Learn how you can Unlock Limitless Customer Lifetime Value with CleverTap’s All-in-One Customer Engagement Platform.
As we ventured into in-app notifications for our customers, we decided to render pure HTML and CSS inside Android’s WebView, iOS’ UIWebView, and Windows’ WebView.
This would allow our customers to send rich in-app notifications that blend perfectly with their app’s user interface.
This was a breeze on Windows and iOS. On Android, it posed one biting issue: the WebView could not understand the following HTML meta tag:
<meta name="viewport" content="width=device-width, user-scalable=no" />
The tag above has been taken verbatim from the Android developer documentation.

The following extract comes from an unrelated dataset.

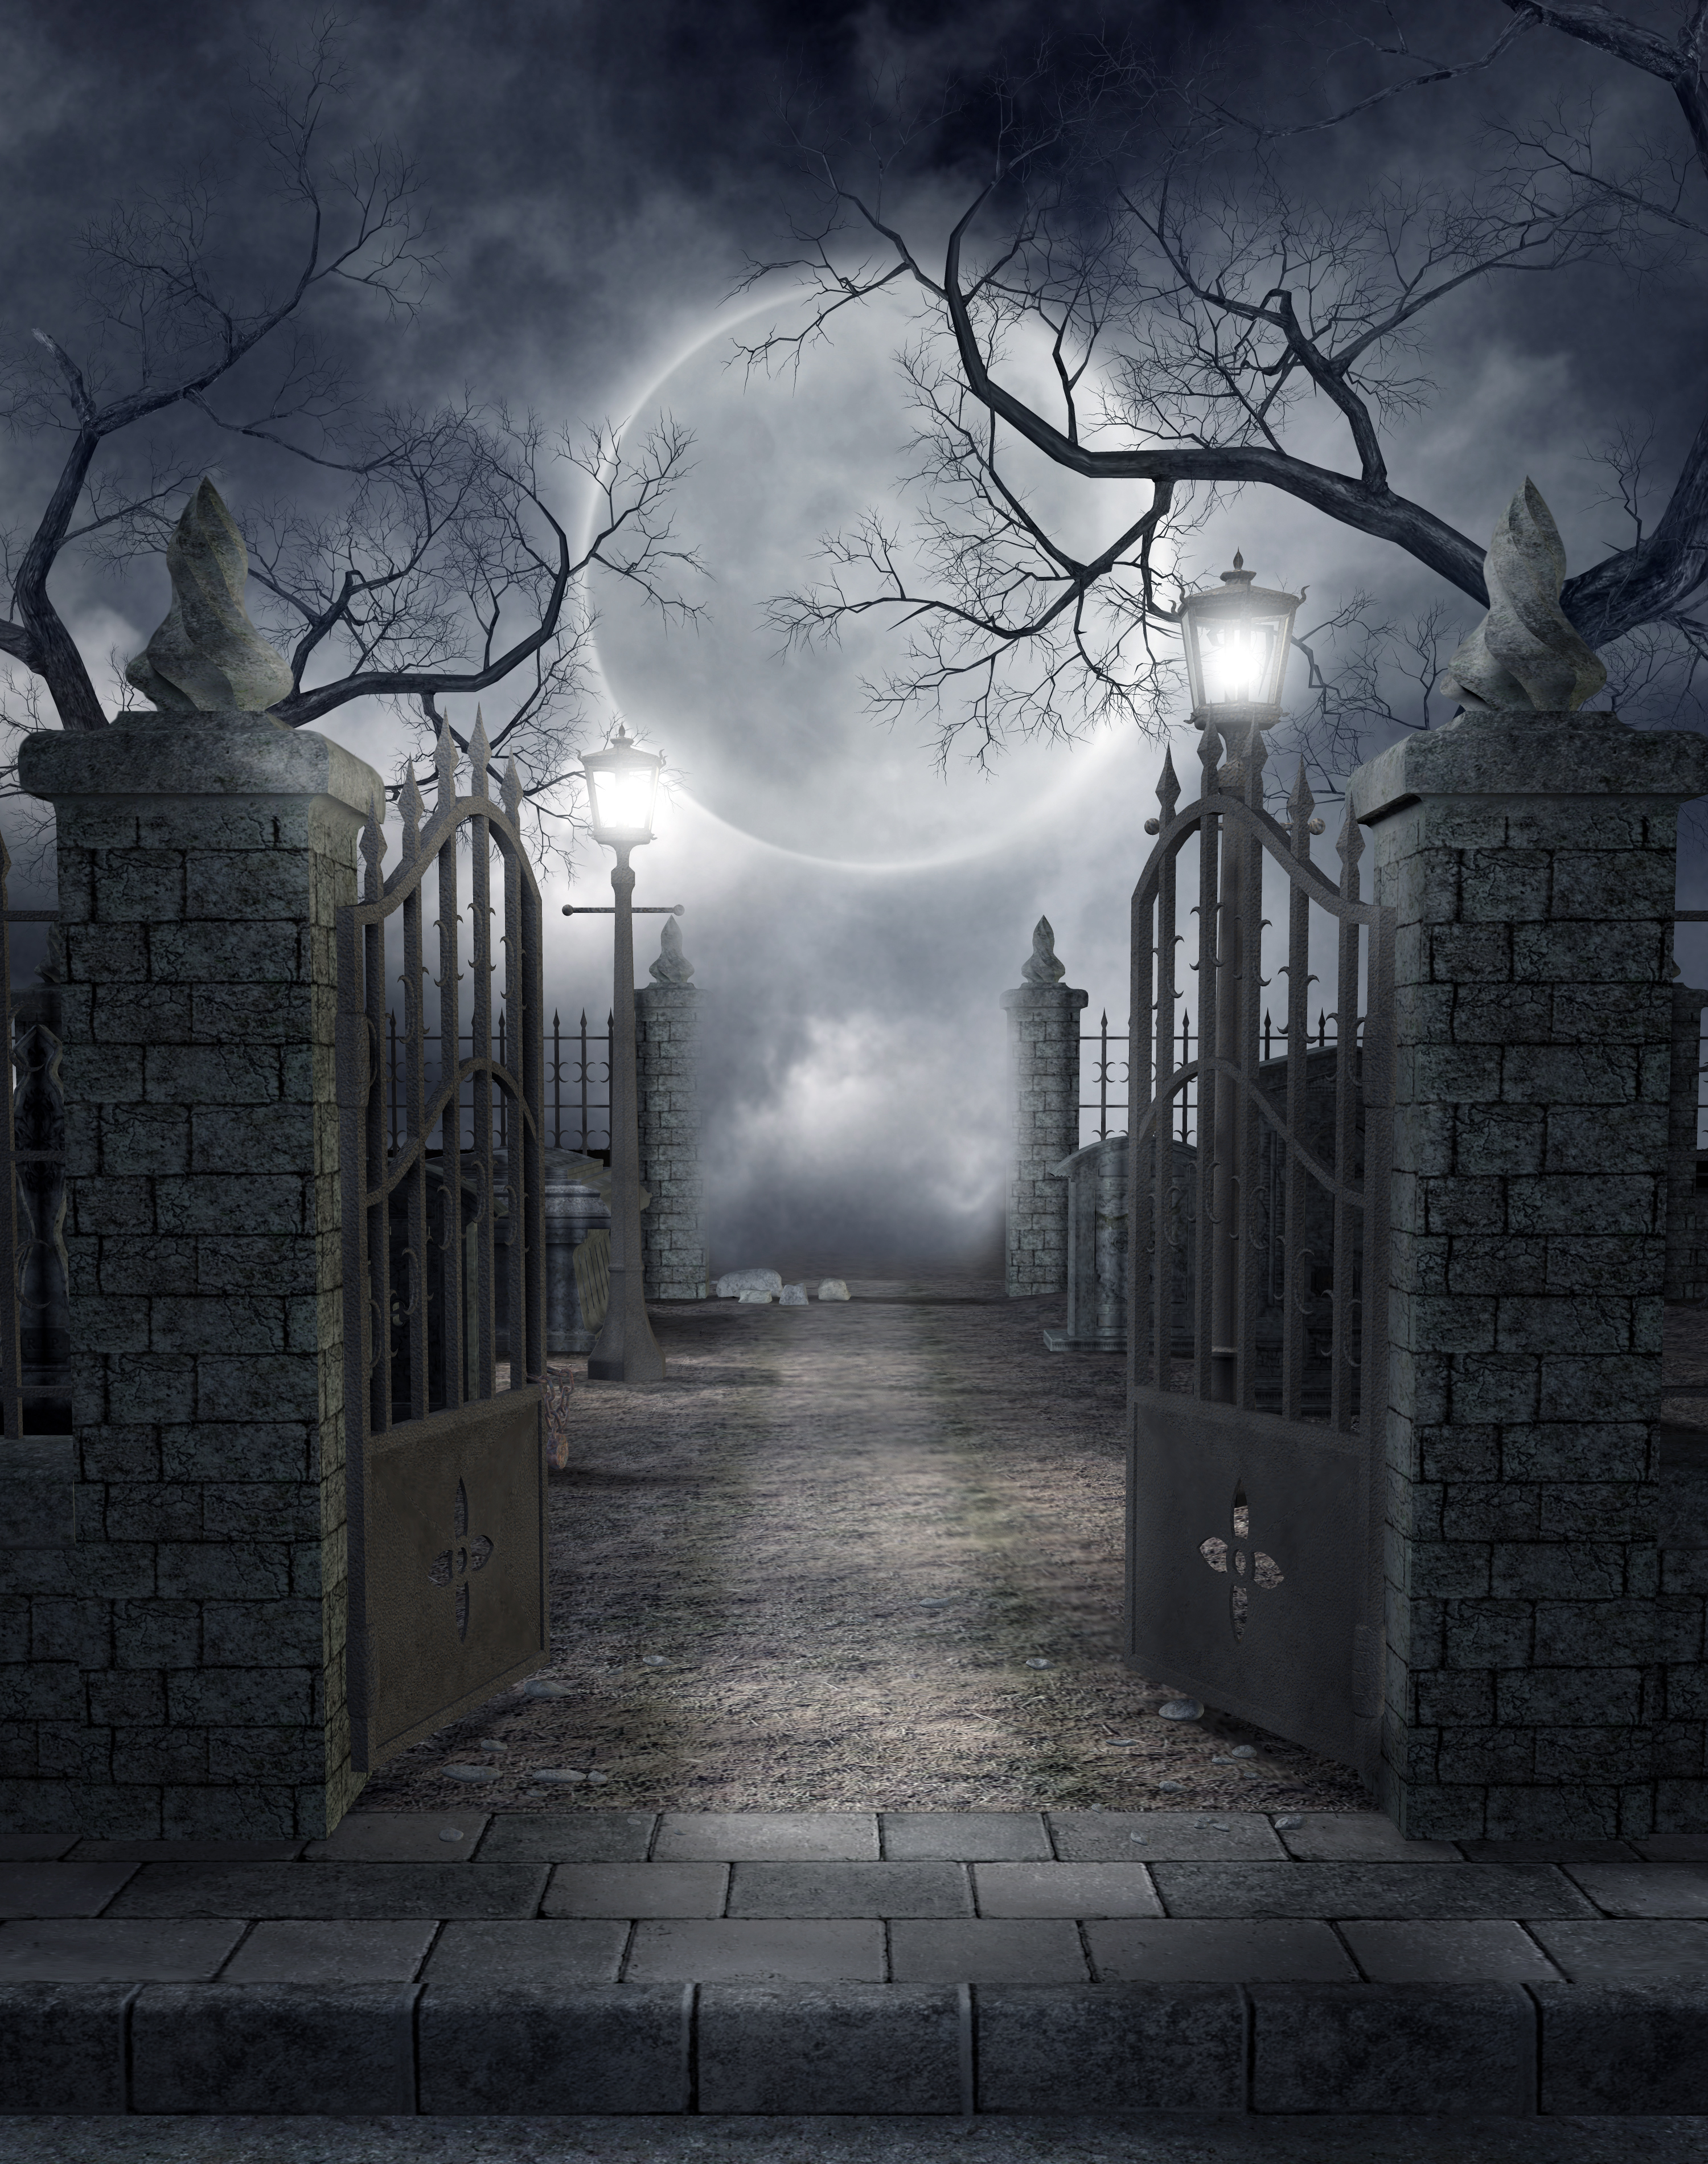 Výsledek obrázku pro strašidelný hřbitov

The expected behavior after using the above, is for the WebView to give it’s content the height and width of the WebView itself. However, this does not seem to be the case:
D/webviewglue: nativeDestroy view: 0xb8f66f80
On 4.4.2 (KitKat), you’ll see some really strange stuff:
W/AwContents: nativeOnDraw failed; clearing to background color. E/eglCodecCommon: glUtilsParamSize: unknow param 0x00000b44 E/eglCodecCommon: glUtilsParamSize: unknow param 0x00000bd0 ... E/eglCodecCommon: **** ERROR unknown type 0x0 (glSizeof,72) E/eglCodecCommon: glUtilsParamSize: unknow param 0x00000b44 E/eglCodecCommon: glUtilsParamSize: unknow param 0x00000bd0 ...

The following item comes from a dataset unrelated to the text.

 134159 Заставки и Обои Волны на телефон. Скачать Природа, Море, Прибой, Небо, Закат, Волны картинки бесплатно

Out of all those lines, the one that seems to have people talking all over the internet is “nativeOnDraw failed; clearing to background color“.
To make this more compelling, applying the following CSS style didn’t help either:
body { height: 100%; width: 100%; }
We had to dynamically inject some CSS into the <head></head> part of the incoming HTML.
Since we were calculating the size of the WebView, we had to specify this size in CSS too. Don’t consider using scaled pixels, as the WebView will take care of that itself (in the content):
body { height: 500px; width: 200px; }
And voila! We have consistency across all Android versions!